The “Lost Motion” trade in Gleeson that I mentioned last weekend is still in process although the progress, although positive, has been slow. Marshall’s looks poised for a strong move and I will add to this share as soon as the DEW turns back upwards. Keller is making good progress and Trifast also. Dart had a good week and looks like breaking higher soon. There has been profit taking in JD Sports that’s pulled the share back a little. The share has made its short term target from the ascending triangle that I have pointed out here many times in the past. Victoria pulled back to the last old high once more this week and needs to be watched closely. Persimmons is the weakest share as sorted by RT and during the week has charted a pattern that chartists refer to as an ABC corrective wave. This is a positive development and with some market strength should break higher from here. I have given this share a lot of rope. If it hits the VectorVest stop then it’s gone.
Building had a poor month in March with output falling 3.6% compared to February. This is being blamed on poor confidence surrounding the Brexit debate and vote. A particular weak spot in construction is the building of factories and warehouses where a survey shows output to be down 14% over the past three months. From a seasonality viewpoint UK building shares seem to go to sleep between April and October every year. I still think there is a lot of life to come in housebuilders in the year ahead.

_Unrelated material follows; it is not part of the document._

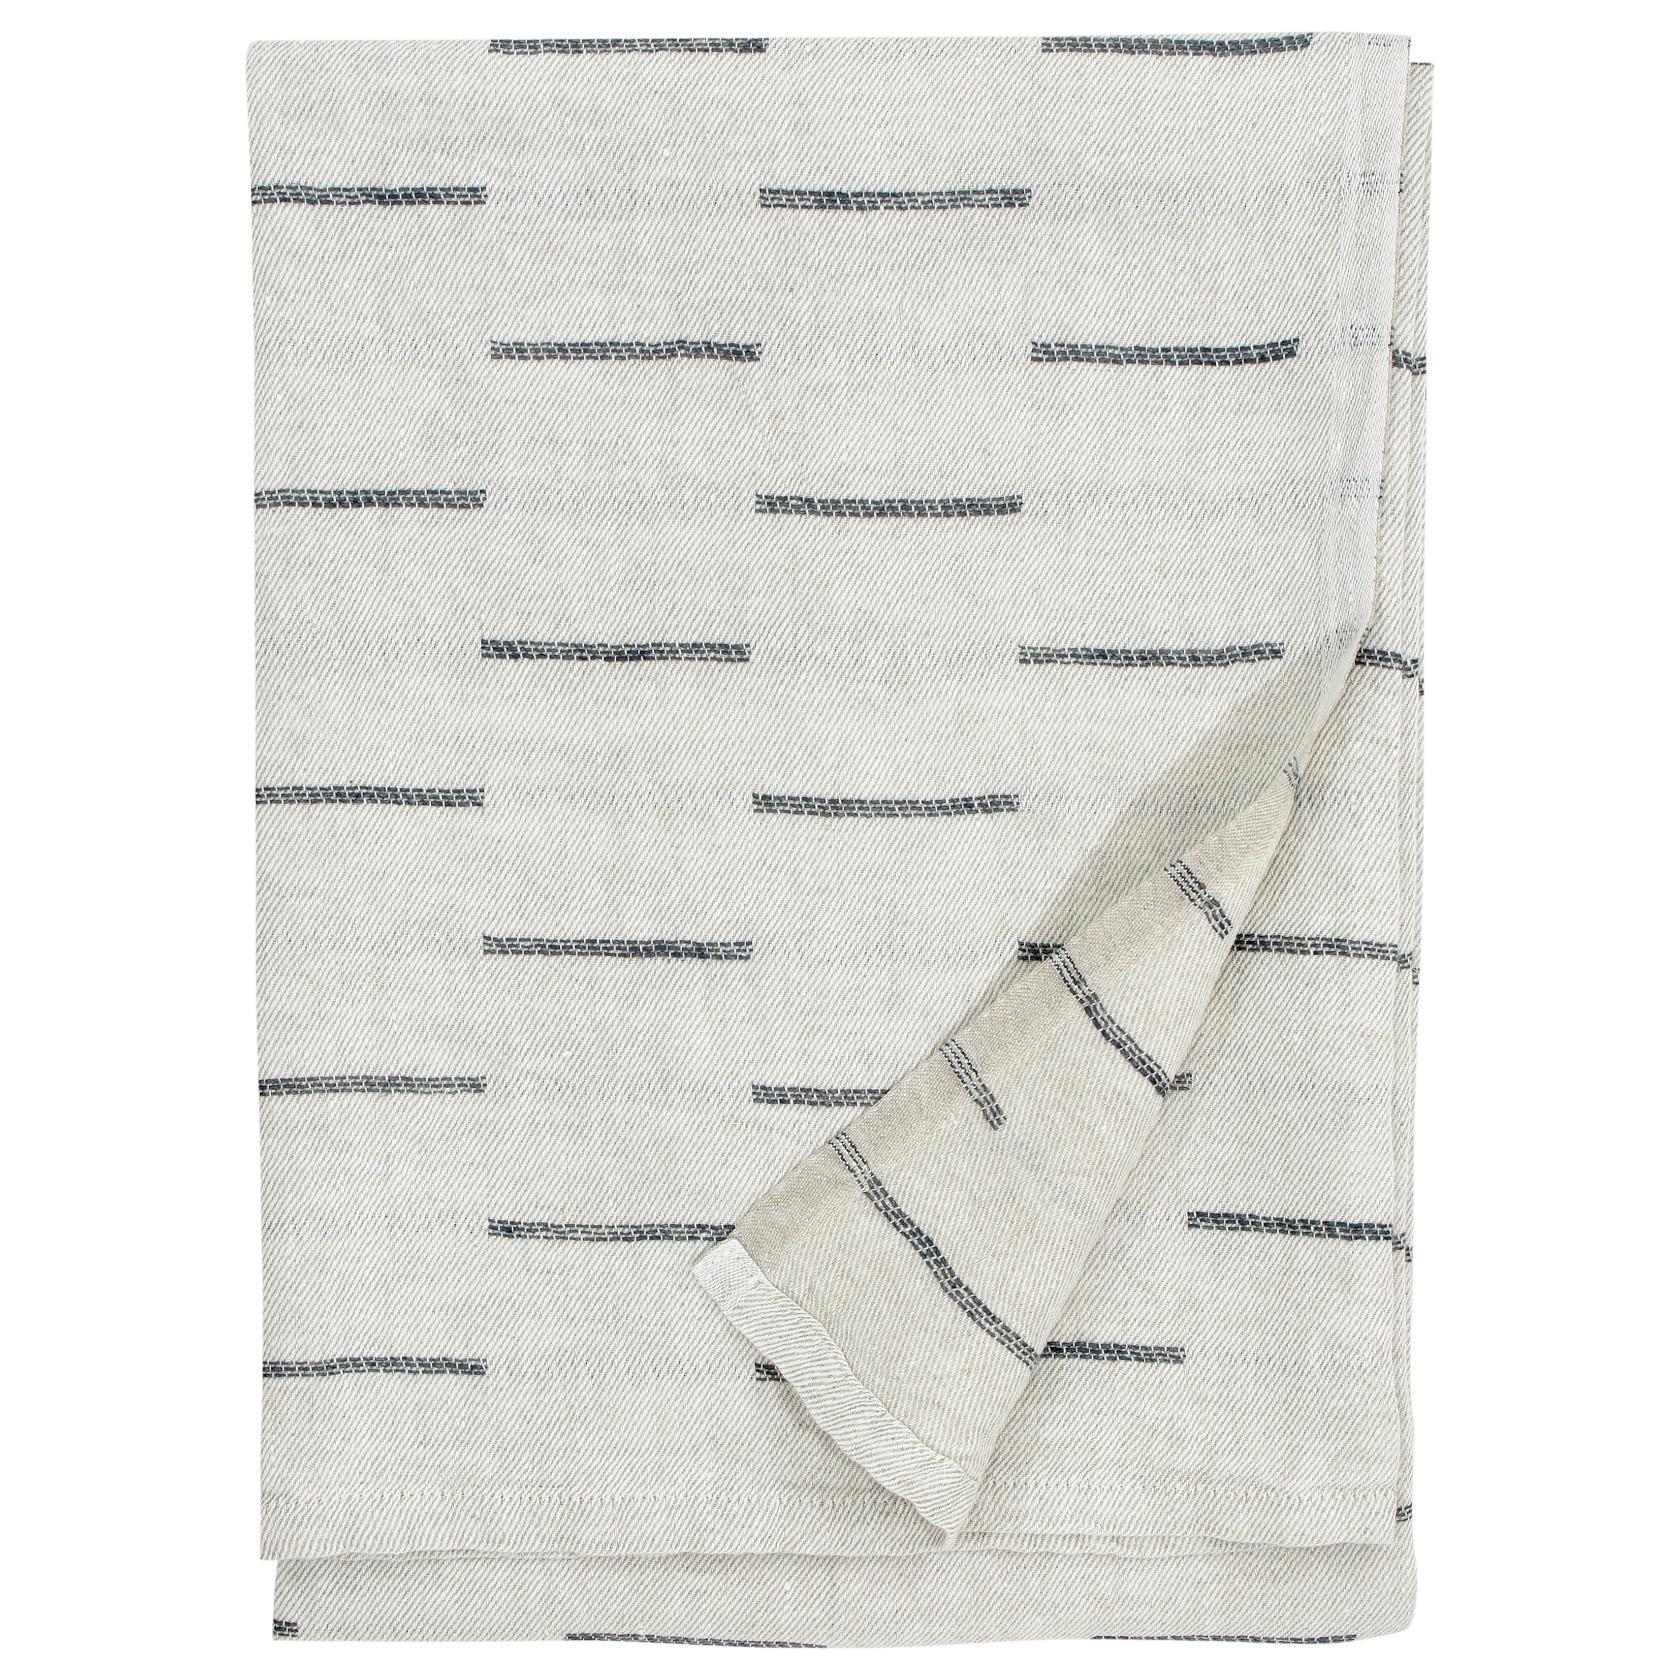 PAUSSI towel 95×180cm(LAPUAN KANKURIT ラプアンカンクリ)
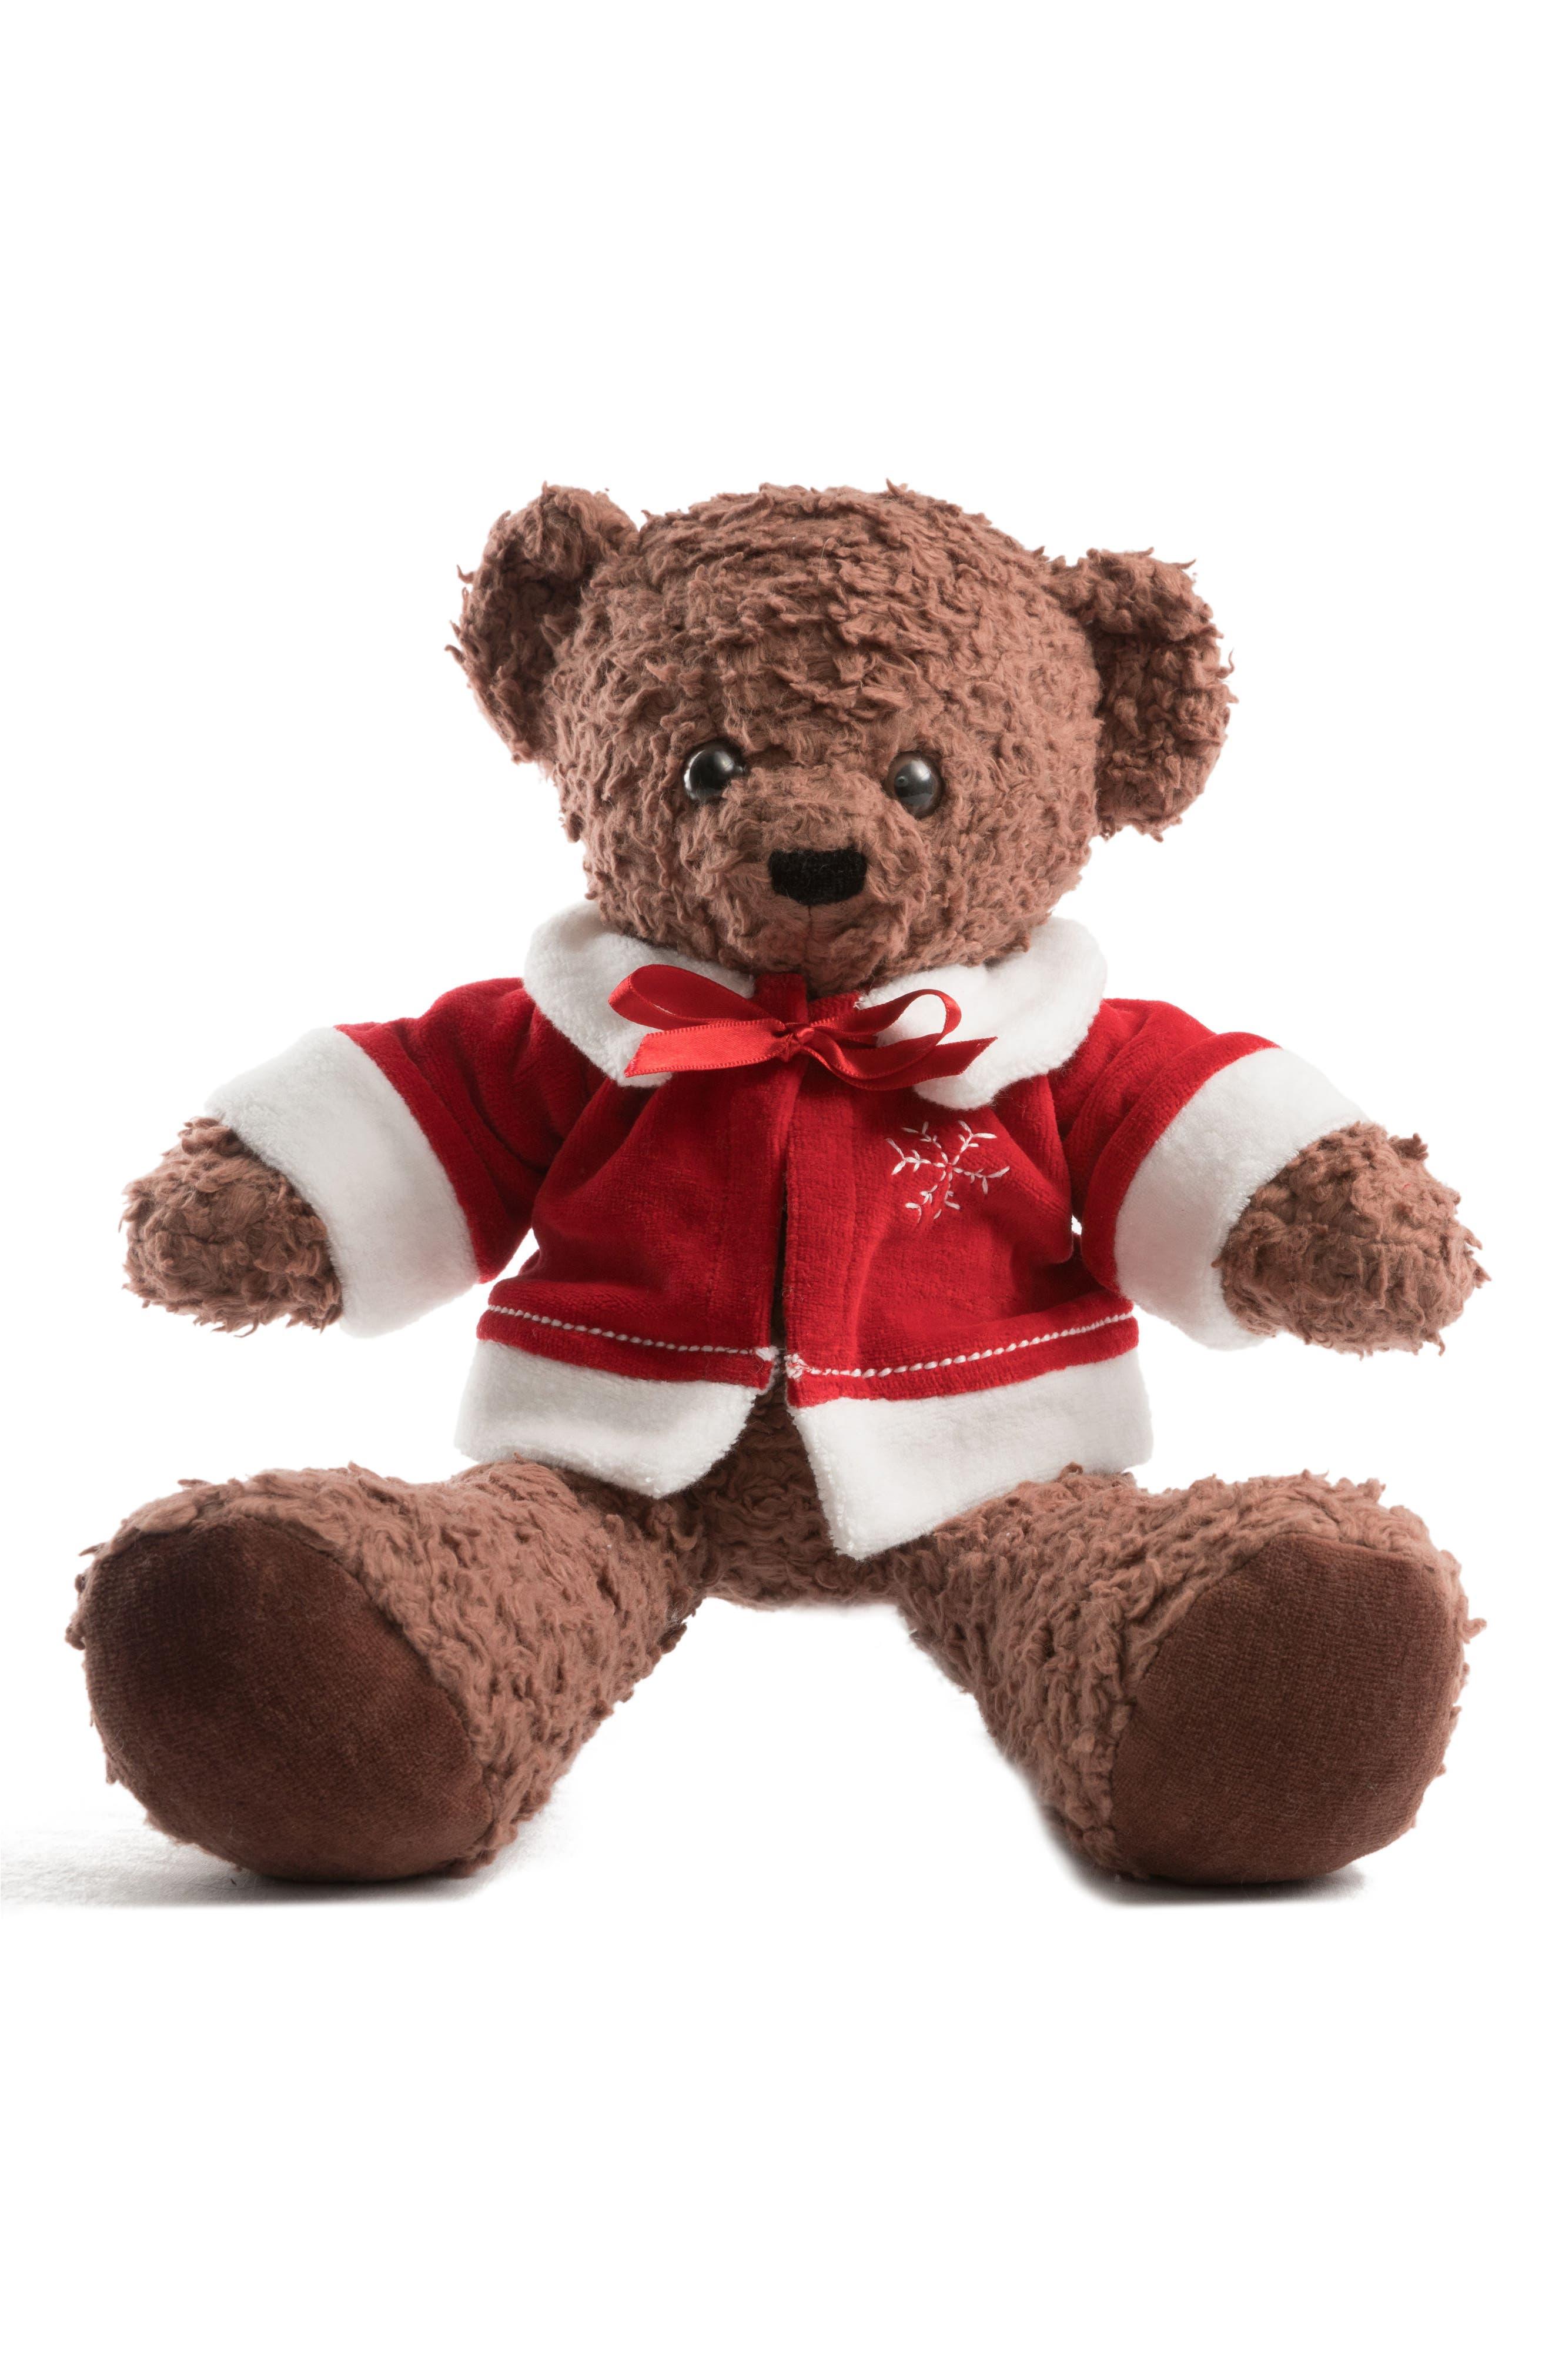 Medium Stuffed Bear with Holiday Jacket,                             Main thumbnail 2, color,

The Wall Street Journal reports that during this year to date 90 billion dollars has been pulled out of the stock market with 8 billion leaving in the last month. This is due to fears of low growth and falling earnings and the inability of central bankers all over the developed world to do much about it.
In his weekly essay DR DiLiddo the founder of VectorVest addresses SP500 earnings in detail using the VectorVest Market Climate indicator. This should be a vital part of your weekend preparation.
Watch that support level on the Dow at 17550. If you see a close below Fridays low then extra diligence on stops is required.